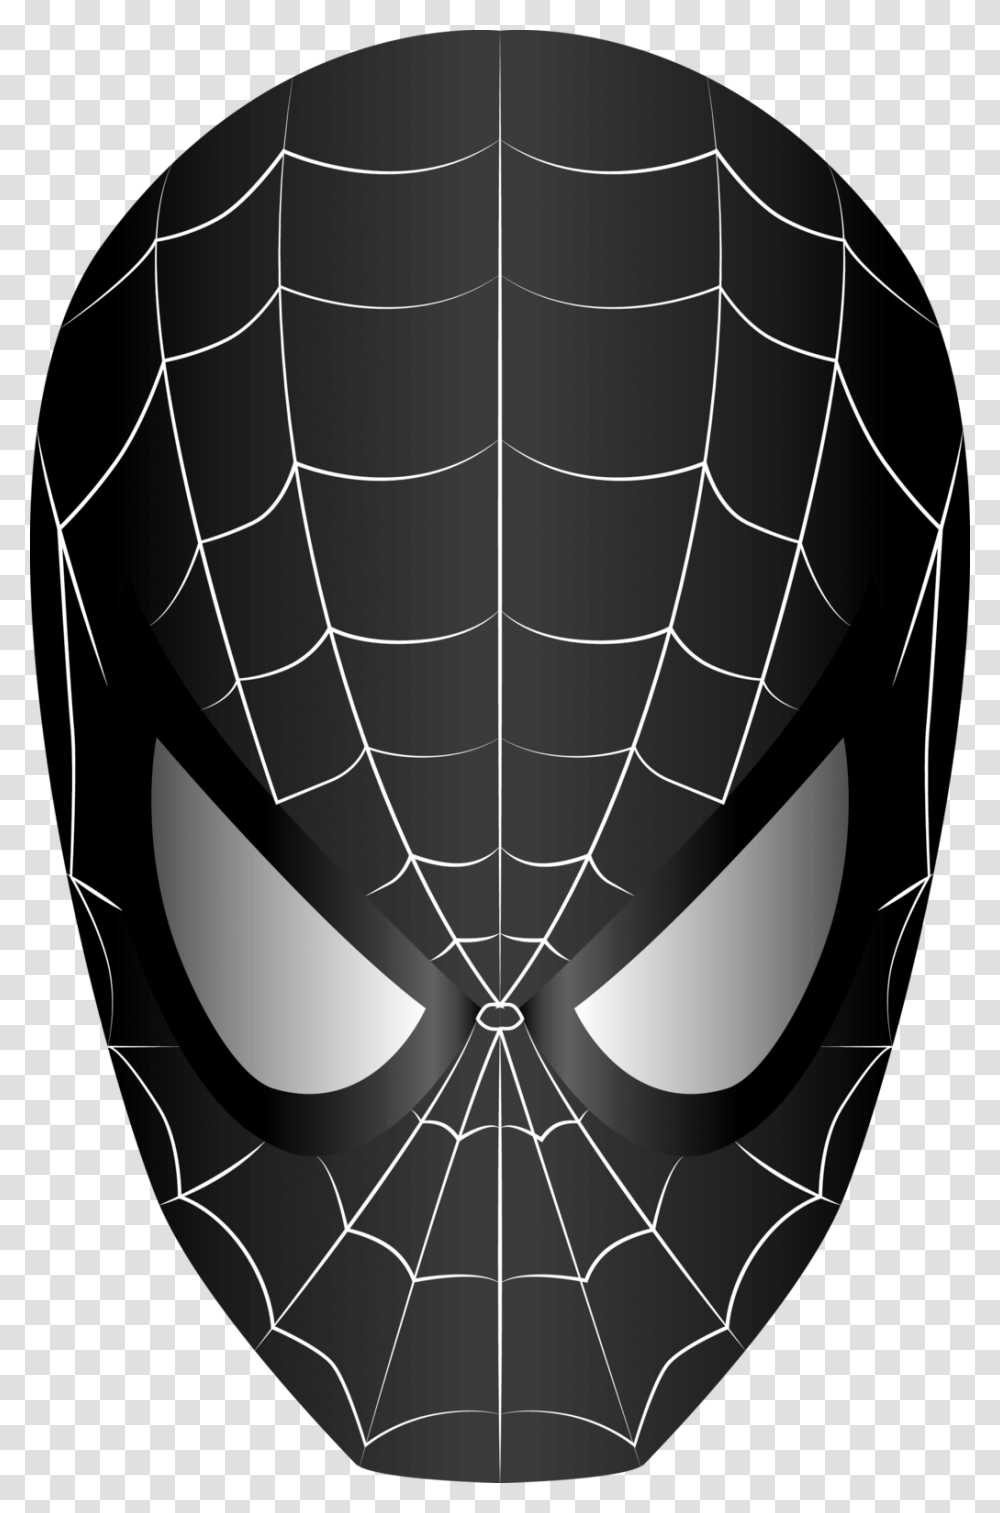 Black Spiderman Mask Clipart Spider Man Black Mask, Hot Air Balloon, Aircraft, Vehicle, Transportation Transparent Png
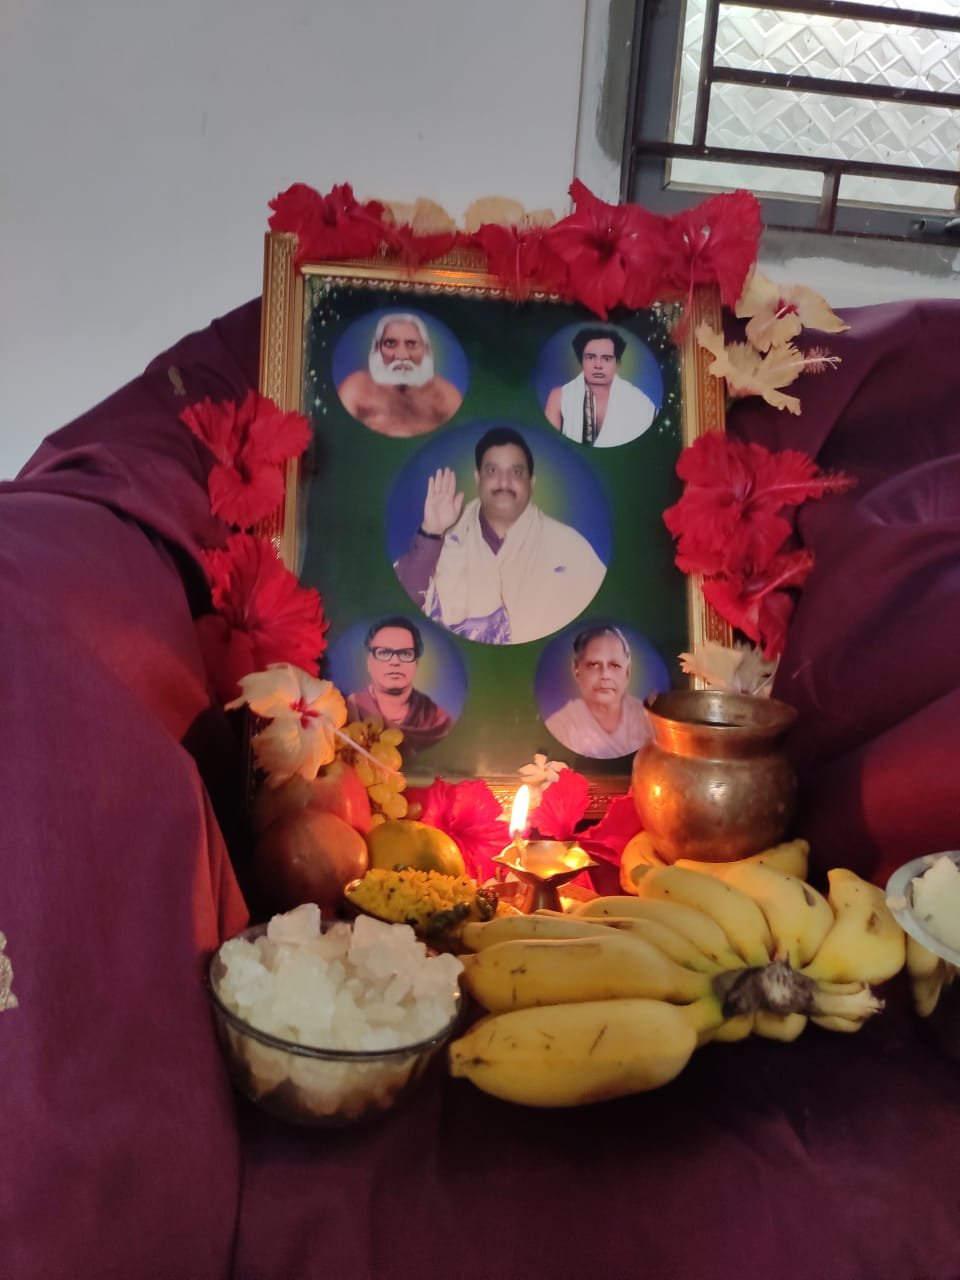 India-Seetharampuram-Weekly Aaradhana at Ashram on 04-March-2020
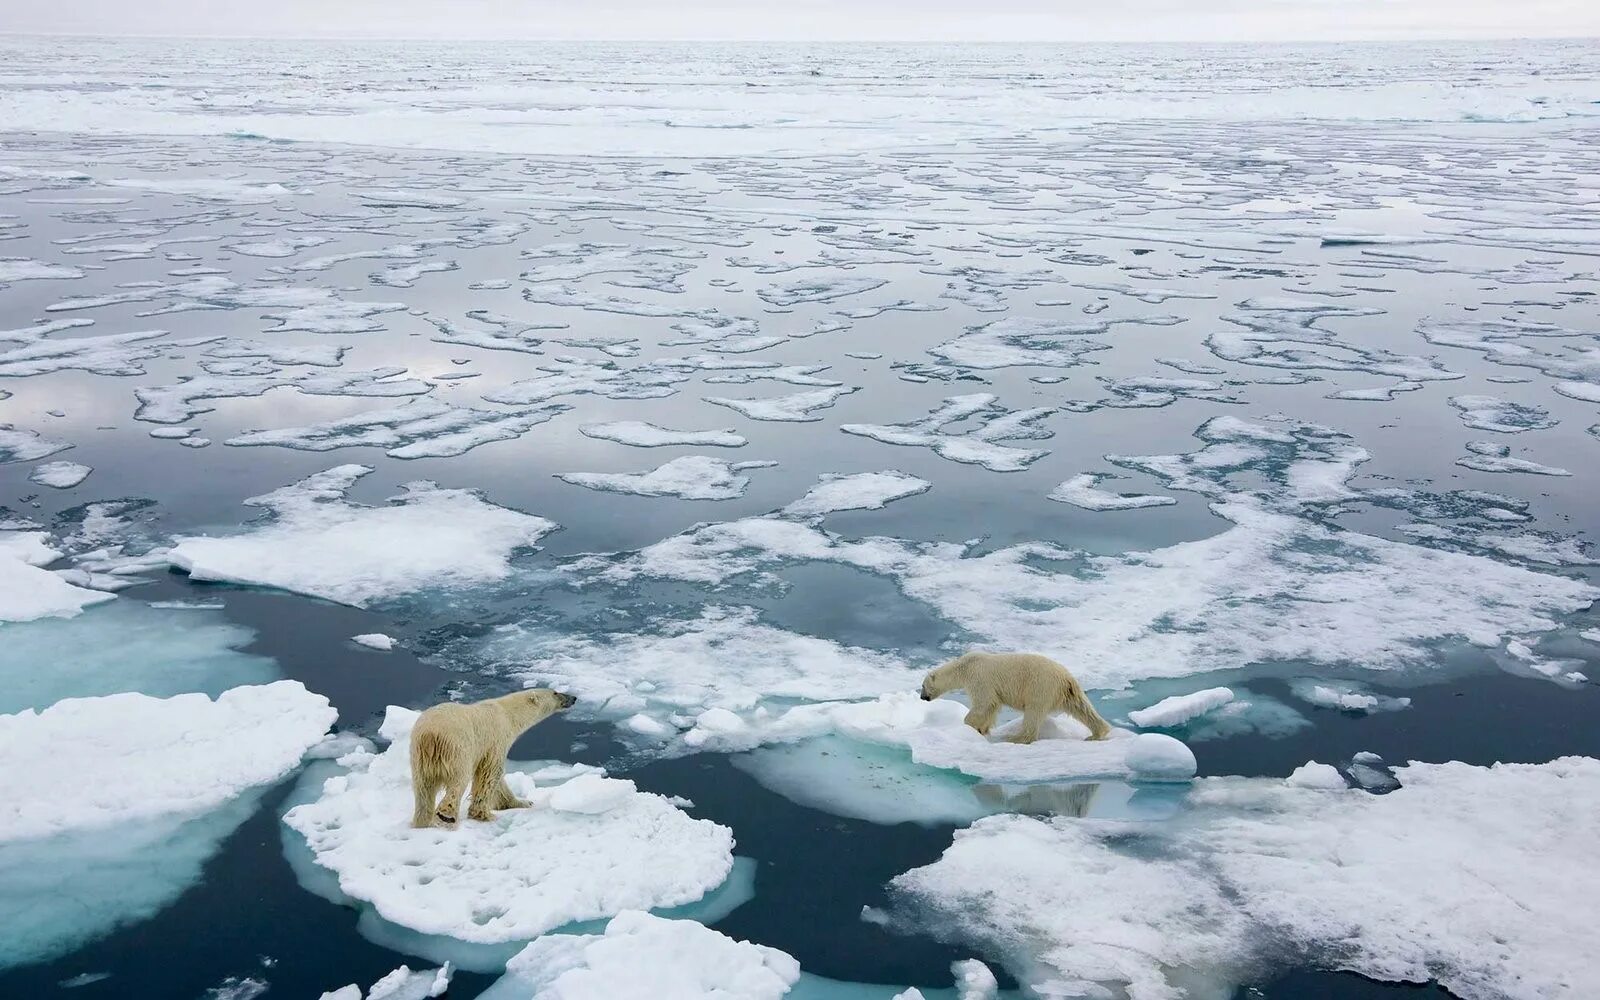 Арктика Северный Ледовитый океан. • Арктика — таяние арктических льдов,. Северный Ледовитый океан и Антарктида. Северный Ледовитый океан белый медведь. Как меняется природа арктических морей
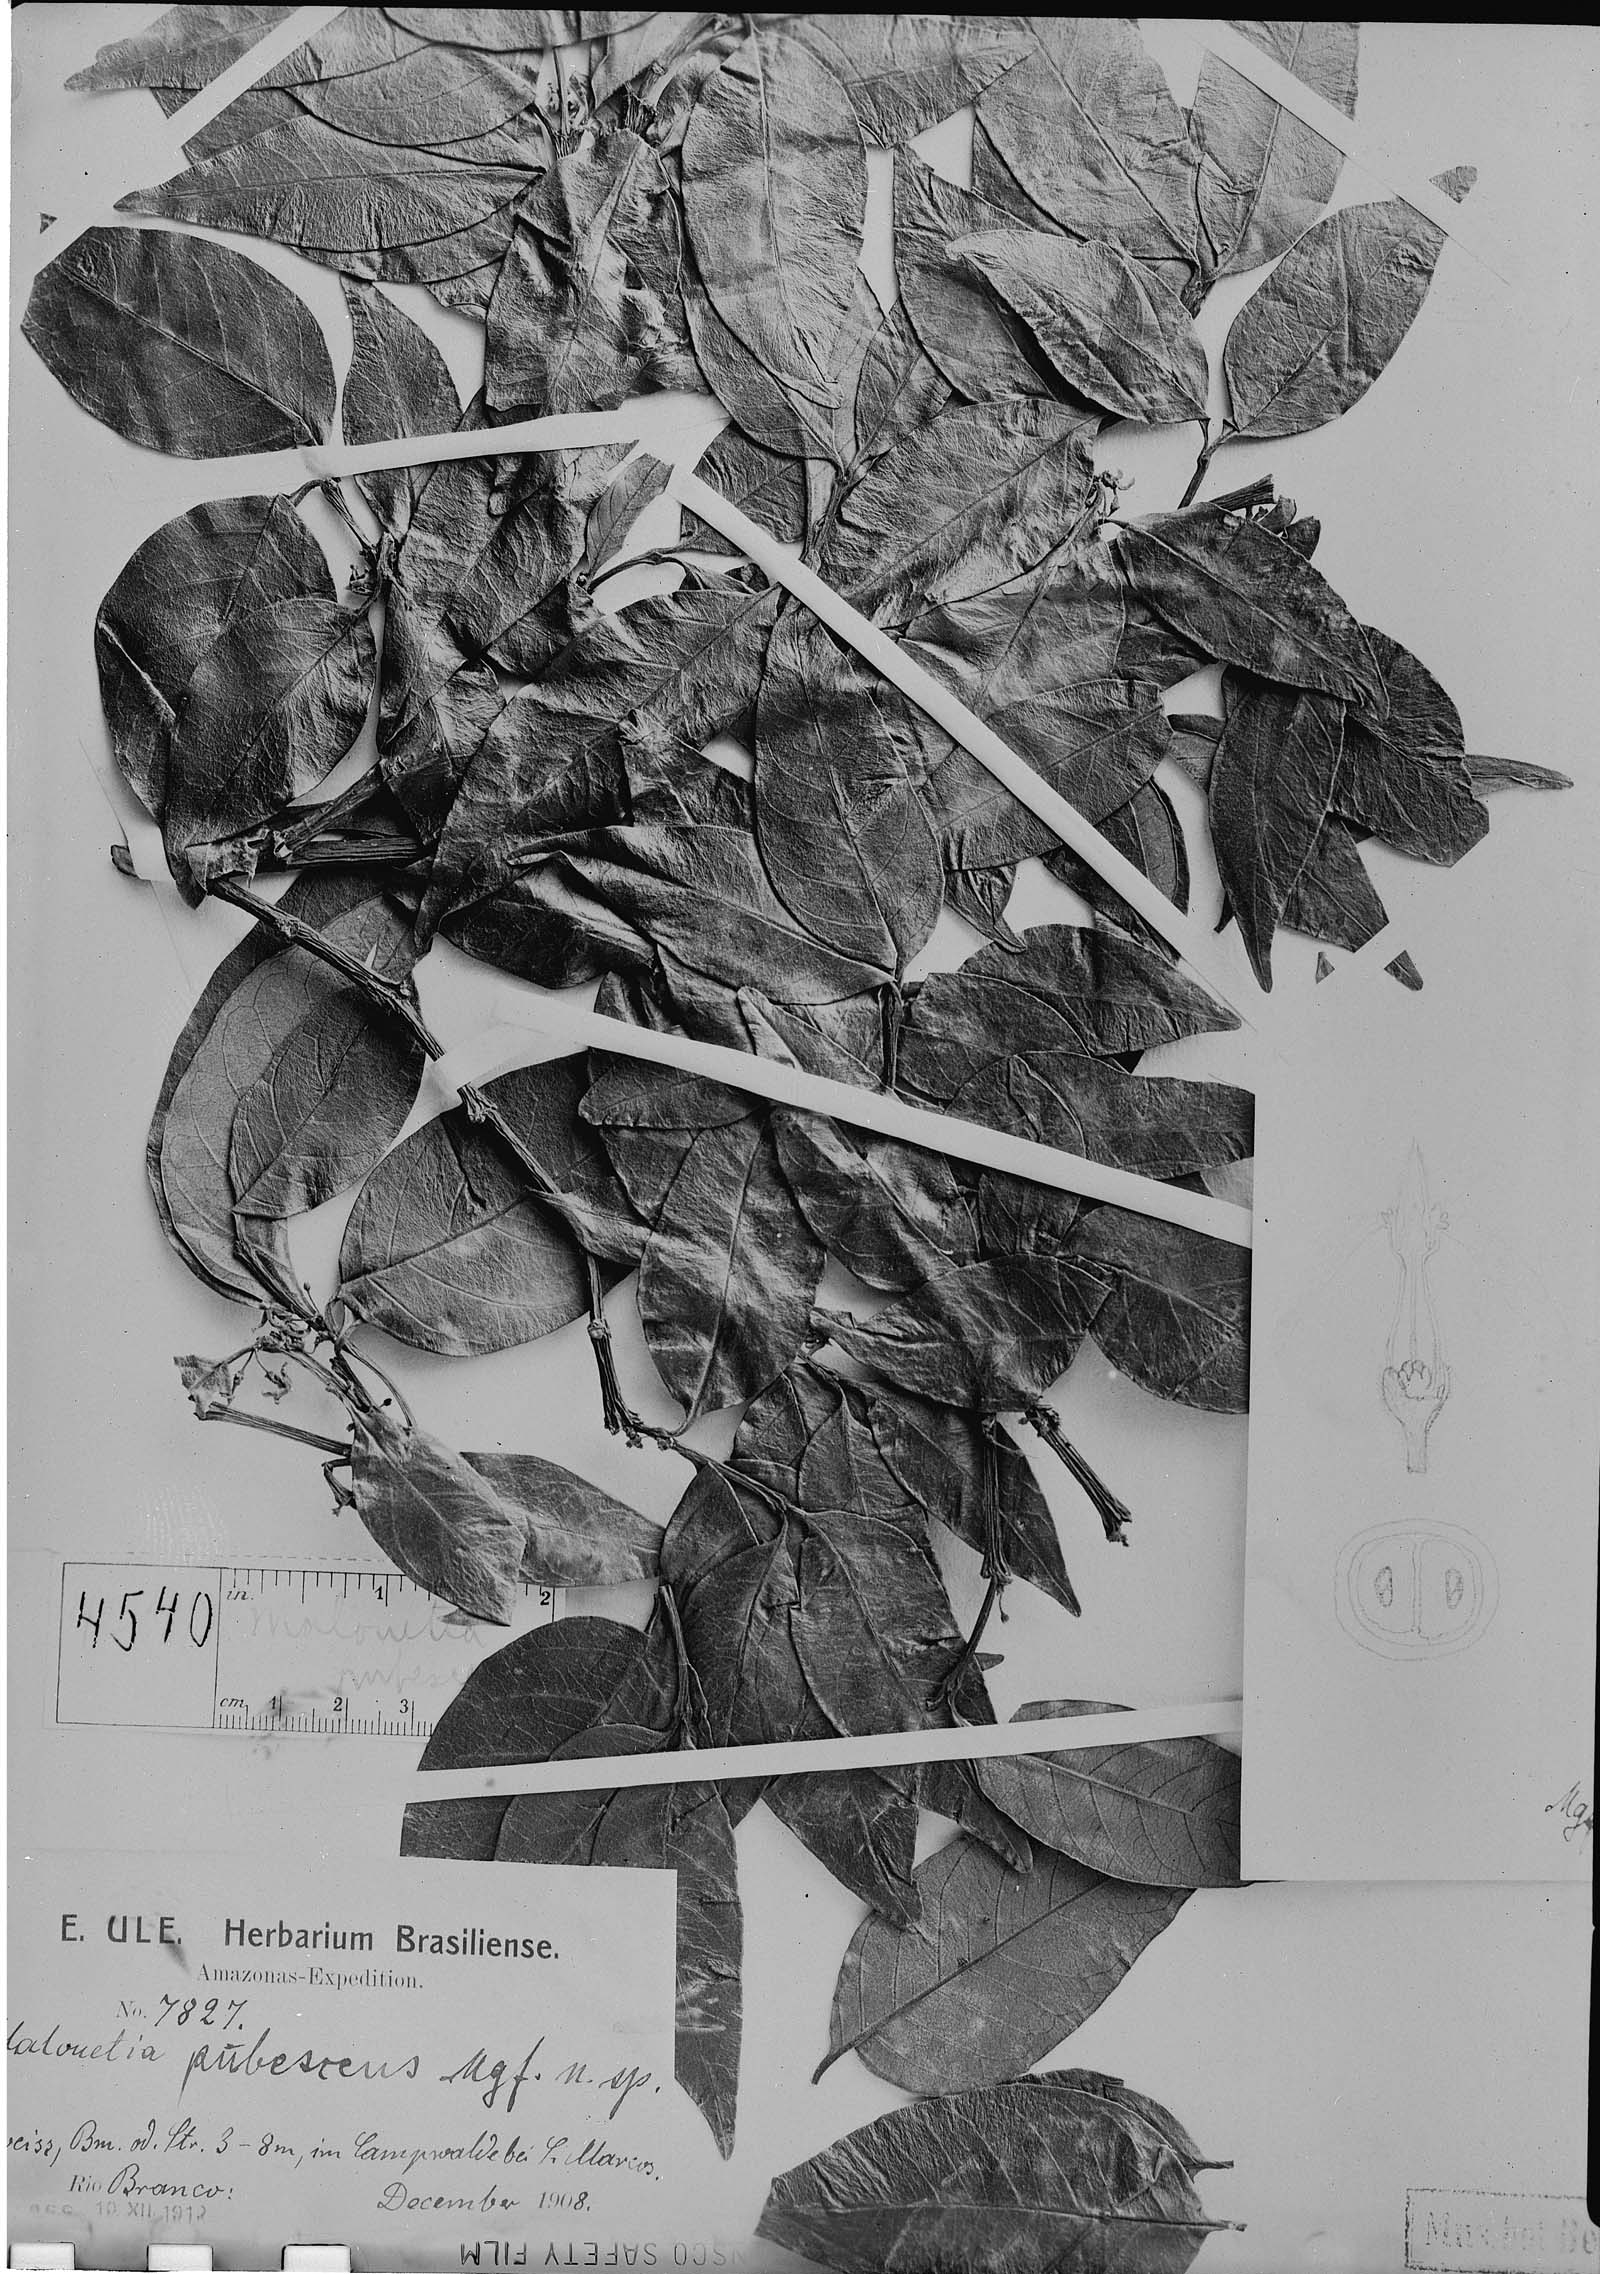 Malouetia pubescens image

**INSTRUCTIONS TO FOLLOW**: Repeat all of the material above exactly, leaving out pictures.

**RESPONSE TO THIS TASK**:
 Black Spiderman Mask Clipart Spider Man Black Mask, Hot Air Balloon, Aircraft, Vehicle, Transportation Transparent Png
 India-Seetharampuram-Weekly Aaradhana at Ashram on 04-March-2020
 Арктика Северный Ледовитый океан. • Арктика — таяние арктических льдов,. Северный Ледовитый океан и Антарктида. Северный Ледовитый океан белый медведь. Как меняется природа арктических морей
 Malouetia pubescens image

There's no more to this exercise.